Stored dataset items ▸
########
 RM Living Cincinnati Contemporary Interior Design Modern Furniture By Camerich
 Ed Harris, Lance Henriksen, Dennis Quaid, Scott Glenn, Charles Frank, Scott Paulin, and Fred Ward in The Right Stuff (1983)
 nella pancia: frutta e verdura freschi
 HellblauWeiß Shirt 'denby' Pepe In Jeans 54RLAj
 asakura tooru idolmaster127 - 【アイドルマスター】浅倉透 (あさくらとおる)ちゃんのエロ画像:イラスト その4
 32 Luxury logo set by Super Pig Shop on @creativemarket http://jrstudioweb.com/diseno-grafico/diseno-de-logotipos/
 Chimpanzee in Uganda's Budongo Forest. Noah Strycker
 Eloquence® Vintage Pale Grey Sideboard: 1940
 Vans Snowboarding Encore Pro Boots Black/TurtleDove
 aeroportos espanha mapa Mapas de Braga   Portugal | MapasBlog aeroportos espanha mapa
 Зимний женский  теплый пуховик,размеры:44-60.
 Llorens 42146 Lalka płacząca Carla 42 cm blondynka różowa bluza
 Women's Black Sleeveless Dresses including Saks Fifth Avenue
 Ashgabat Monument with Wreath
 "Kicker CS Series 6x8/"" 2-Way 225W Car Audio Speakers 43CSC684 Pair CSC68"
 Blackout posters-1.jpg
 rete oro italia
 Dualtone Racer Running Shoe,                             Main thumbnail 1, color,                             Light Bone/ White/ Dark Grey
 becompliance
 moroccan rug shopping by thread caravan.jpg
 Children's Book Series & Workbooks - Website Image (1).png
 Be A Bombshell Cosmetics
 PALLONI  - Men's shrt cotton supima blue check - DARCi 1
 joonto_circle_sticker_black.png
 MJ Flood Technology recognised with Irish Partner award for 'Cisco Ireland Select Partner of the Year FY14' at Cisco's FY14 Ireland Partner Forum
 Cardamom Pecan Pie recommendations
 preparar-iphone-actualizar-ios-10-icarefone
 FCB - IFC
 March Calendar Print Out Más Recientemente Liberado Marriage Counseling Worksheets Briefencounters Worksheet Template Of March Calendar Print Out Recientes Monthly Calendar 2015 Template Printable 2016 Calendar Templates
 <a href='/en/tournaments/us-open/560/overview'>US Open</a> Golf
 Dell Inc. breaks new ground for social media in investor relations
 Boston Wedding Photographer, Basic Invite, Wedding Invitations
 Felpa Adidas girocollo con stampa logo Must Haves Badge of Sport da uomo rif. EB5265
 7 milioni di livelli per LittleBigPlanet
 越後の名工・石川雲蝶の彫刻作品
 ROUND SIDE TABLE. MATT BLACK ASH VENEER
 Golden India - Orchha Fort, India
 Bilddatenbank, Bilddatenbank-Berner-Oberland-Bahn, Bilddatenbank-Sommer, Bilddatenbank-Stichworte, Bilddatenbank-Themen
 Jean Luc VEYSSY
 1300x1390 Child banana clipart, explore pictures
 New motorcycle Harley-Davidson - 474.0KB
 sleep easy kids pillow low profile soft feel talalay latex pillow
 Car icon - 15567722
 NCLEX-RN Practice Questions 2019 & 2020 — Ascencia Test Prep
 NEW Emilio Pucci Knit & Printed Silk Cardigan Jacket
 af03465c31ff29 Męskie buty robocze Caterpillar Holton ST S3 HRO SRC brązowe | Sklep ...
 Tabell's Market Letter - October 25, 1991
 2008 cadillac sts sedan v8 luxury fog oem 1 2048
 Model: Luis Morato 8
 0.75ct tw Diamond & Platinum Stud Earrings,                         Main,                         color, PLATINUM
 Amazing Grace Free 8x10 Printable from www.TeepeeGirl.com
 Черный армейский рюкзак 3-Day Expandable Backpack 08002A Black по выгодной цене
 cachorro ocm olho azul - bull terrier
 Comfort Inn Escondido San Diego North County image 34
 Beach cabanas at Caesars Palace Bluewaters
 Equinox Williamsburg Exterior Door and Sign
########
Task directions ▸ Only the number is needed here: how many lines in the data contain "Main"?

Answer ▸ 2